За ужином они обсуждали, что купить дочке на день рождения и где его отмечать. Ни по выражению лица, ни по интонациям Андрея Семеновича никто из домашних не догадался, что его мысли были очень далеки от семейного торжества и вкусной творожной запеканки. Пока семья в полном составе сидела за столом, Дымов мечтал об одном: посоветоваться с кем-нибудь, делать ли завтра биопсию.

Если бы Андрея Семеновича спросили, зачем ему нужен совет, он, наверное, не смог бы ответить. После встречи с Жизневым он прекрасно понимал, что биопсию делать надо и тянуть с этим до окончания отпуска бессмысленно. Ведь после почти месячного отсутствия на работе появится гора неотложных дел и пара срочных командировок, которые не отложить. И что в результате? Двухмесячное затягивание с ответом на вопрос. Глупо.

За тридцать пять лет работы в НИИ, где все важные вопросы официально разбирали на ученом совете, то есть коллегиально, Андрей Семенович привык, принимая решение, для проформы с кем-нибудь советоваться. Сейчас он поступит так же.

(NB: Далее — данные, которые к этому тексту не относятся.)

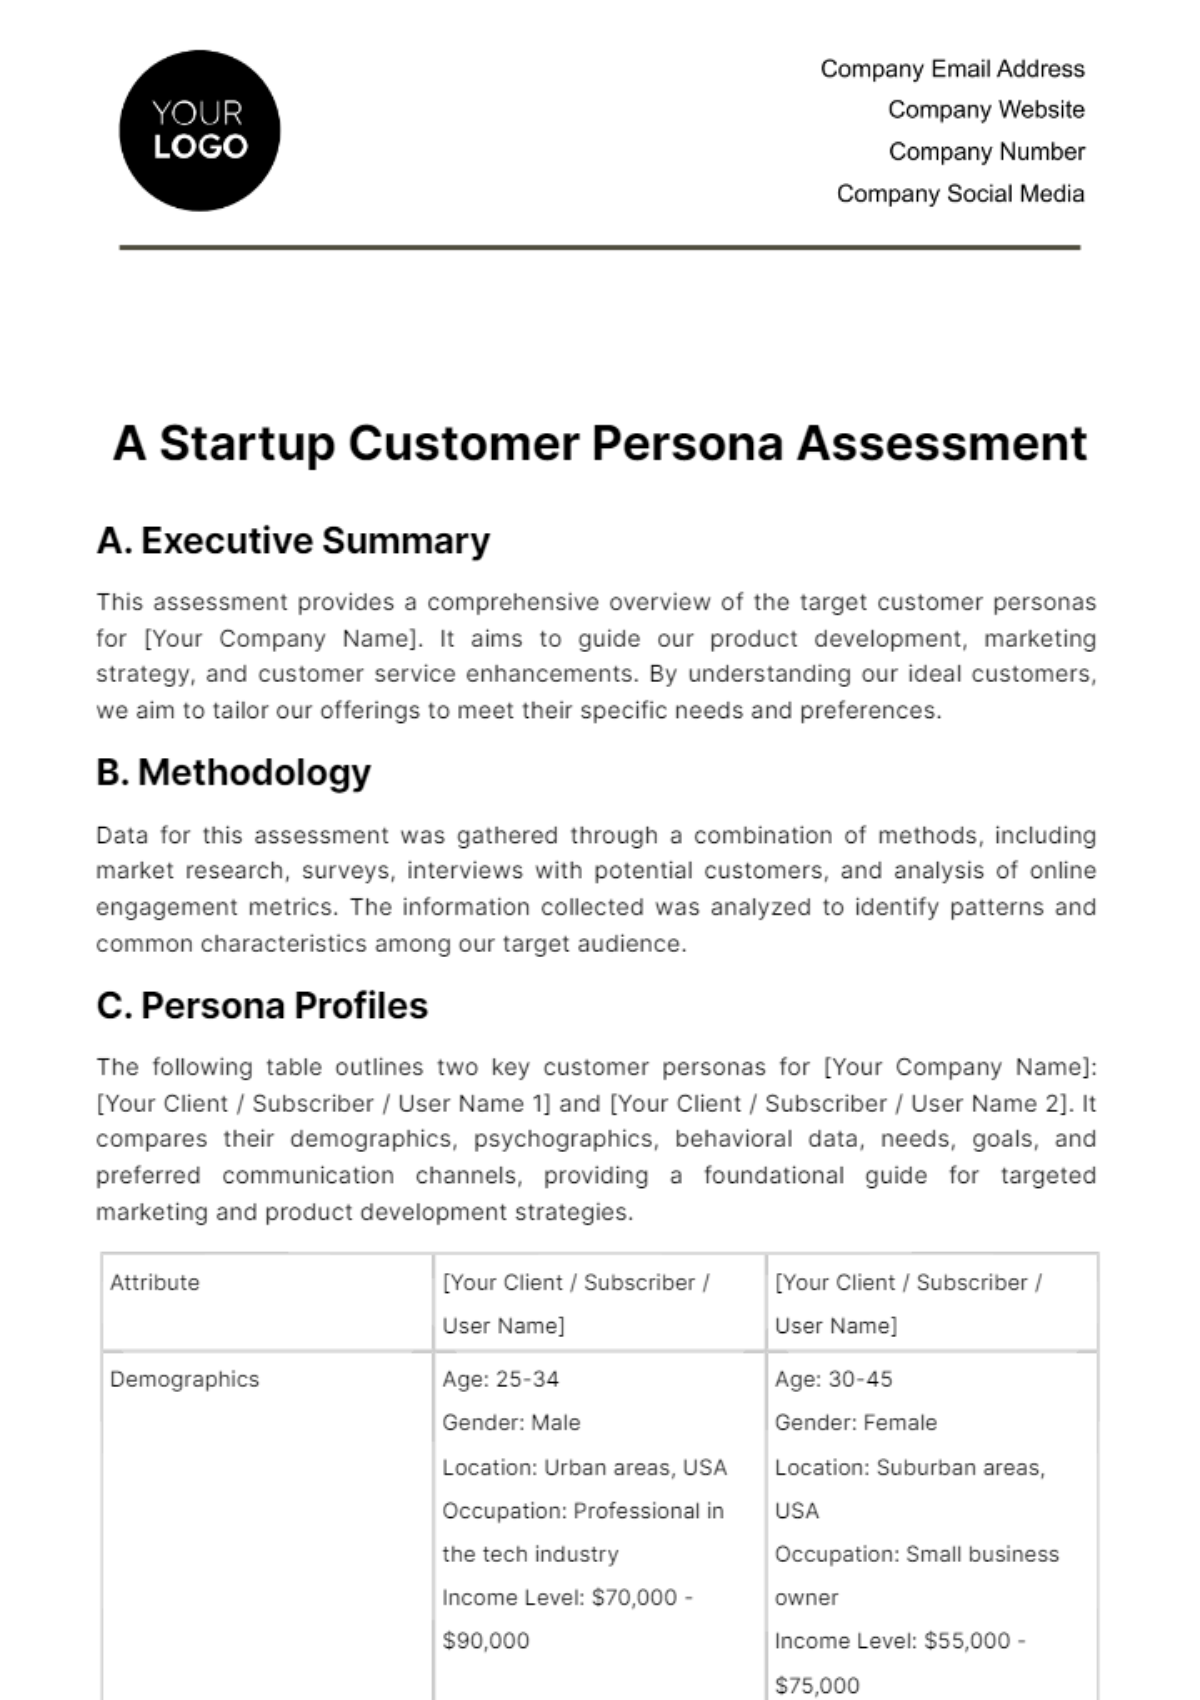 Free Startup Customer Persona Assessment Template

Под предлогом необходимости срочно написать статью Андрей Семенович закрылся в комнате и набрал номер Эдмонда Протасовича:

– Помните, как познакомили меня с доктором Жизневым? Сегодня я был у него. Меня направила к нему Анна Ивановна. Он (Дымов соврал для вежливости) просил привет вам передать. Мой последний PSA равен 5,64. Но вы же помните, как я его переделывал?

И Андрей Семенович в третий раз за день затянул песню про ошибающихся лаборанток и месяц грядущего отсутствия, от которой его самого уже тошнило.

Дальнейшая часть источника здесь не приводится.